Newsman: Kyrsten Sinema publicly declared that she’d switch her party to Independent. On Friday, she officially ditched the Democratic Party and announced she has registered as an independent. On Friday, she joined the ranks of independent Sens. Angus King of Maine and Bernie Sanders of Vermont, who caucus with Democrats.
Sinema’s decision leaving the party changes the equation again. This week’s runoff victory of Raphael Warnock in Georgia gave Democrats a 51-49 advantage over Republicans. But her departure puts Democrats back at 50, which means Vice President Kamala Harris once again becomes the tie-breaker.
The White House offered support to Sinema in a statement Friday and said the working relationship wouldn’t change, but it punctuated a week of ups and downs for Biden, who had a crystal clear majority Tuesday and a murky one by the end of the week.
“We understand that (Sinema’s) decision to register as an independent in Arizona does not change the new Democratic majority control of the Senate, and we have every reason to expect that we will continue to work successfully with her,” White House Press Secretary Karine Jean-Pierre said, describing Sinema as a “key partner” on some of Biden’s biggest wins, such as the Inflation Reduction Act and the Respect for Marriage Act.

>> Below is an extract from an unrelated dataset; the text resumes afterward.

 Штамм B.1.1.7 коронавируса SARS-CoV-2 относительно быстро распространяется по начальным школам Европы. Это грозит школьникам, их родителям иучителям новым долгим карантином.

“Becoming an independent won’t change my work in the Senate,” she wrote in the Arizona Republic, part of the USA TODAY network.

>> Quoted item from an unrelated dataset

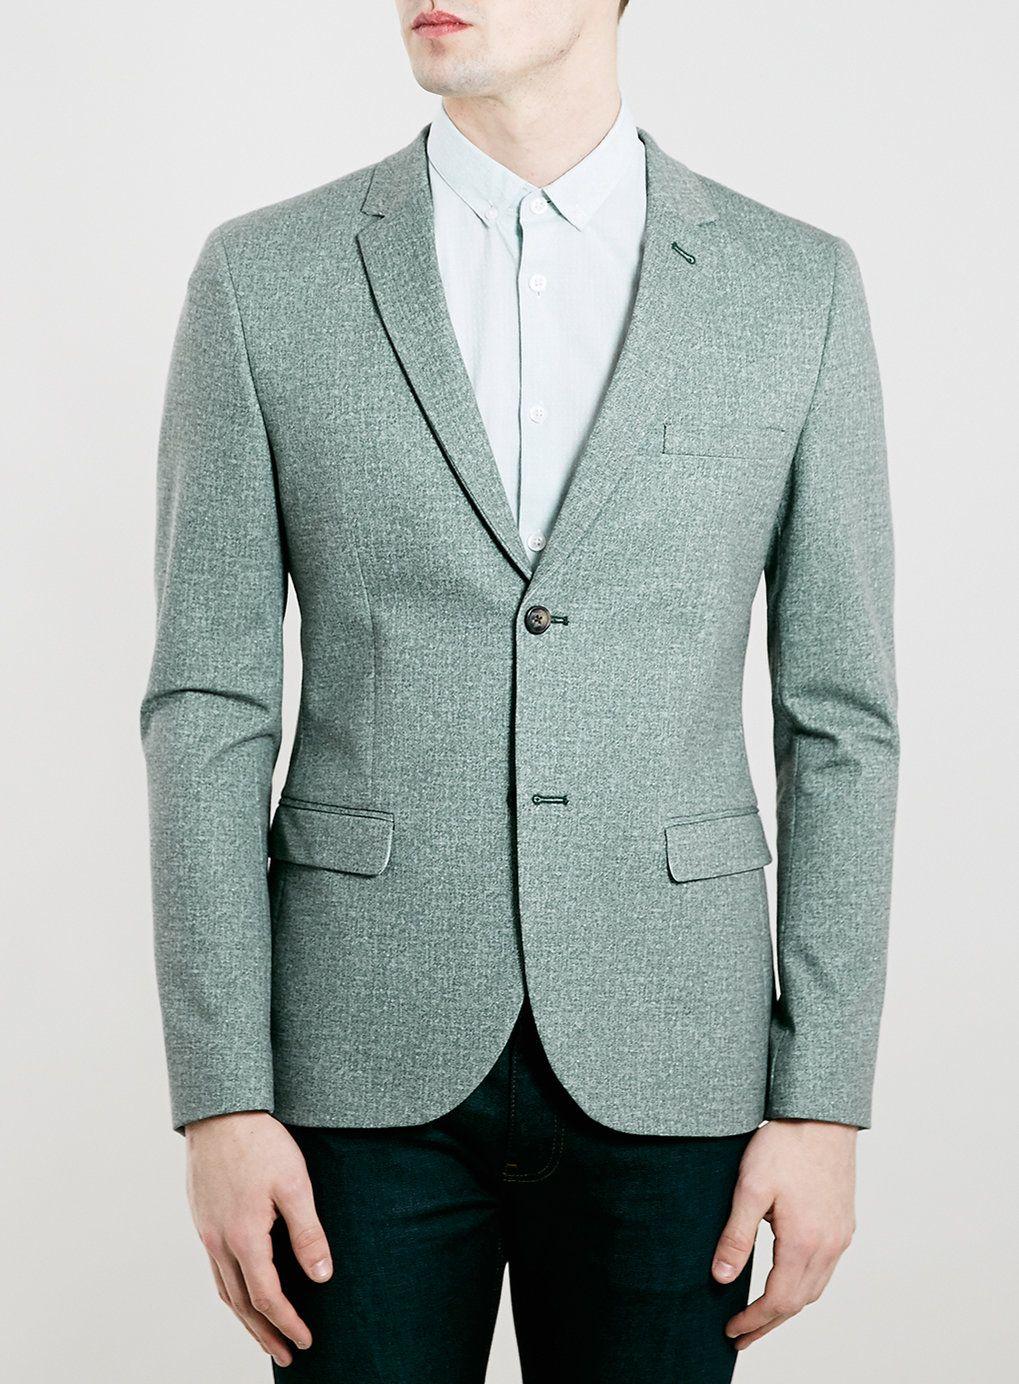 LIGHT GREEN SKINNY FIT JERSEY BLAZER - Topman | Wear Me - Men\'s ...

“Everyday Americans are increasingly left behind by the national parties’ rigid partisanship, which has hardened in recent years,’’ she wrote in an exclusive column for The Arizona Republic.
“Pressures in both parties pull leaders to the edges – allowing the loudest, most extreme voices to determine their respective parties’ priorities, and expecting the rest of us to fall in line,” she wrote.
“I committed I would not demonize people I disagreed with, engage in name-calling, or get distracted by political drama,” she wrote.
Sinema told The Arizona Republic that she plans to caucus with Democrats for committee seat purposelike Sen. Bernie Sanders of Vermont. Either way, nothing changes when it comes to passing legislation because of the 60-vote threshold.
Arizonans “are eager for leaders who focus on commonsense solutions rather than party doctrine,” she said.
Senate Majority Leader Chuck Schumer put a positive spin on Sinema’s decision. He declared he is “looking forward to a productive session in the new Democratic majority Senate. We will maintain our new majority on committees, exercise our subpoena power, and be able to clear nominees without discharge votes.”
Despite the defection from the party, it seems Democrats will still get something very close to the functional 51-seat majority they assumed they’d won — with perhaps a small asterisk. According to congressional sources familiar with the matter, Kyrsten Sinema and Senate Majority Leader Chuck Schumer agreed this week that the Arizona independent would keep her committee assignments, a notable pact that essentially guarantees that Democrats will have majorities on committees. When all is said and done, it’s likely that Democrats will enjoy one-seat edges on all committee panels, sources said.
In an interview this week, Sinema herself was cagey about how her party switch will affect the daily workings of the Senate. But by Friday afternoon Democrats were feeling OK about the situation, even if Sinema won’t be formally caucusing with them. The 50-50 days are soon going to be behind them.
The Arizona senator’s decision to go independent will reverberate in Arizona and national political circles for months to come as Sinema’s potential reelection approaches. If Sinema runs for reelection, Schumer will have to decide whether to use Senate Democrats’ campaign arm to assist her in a bid for a second term or remain neutral. Or perhaps the party will decide to support a Democratic nominee as she runs as an independent. Sinema skipped the party’s leadership elections on Thursday.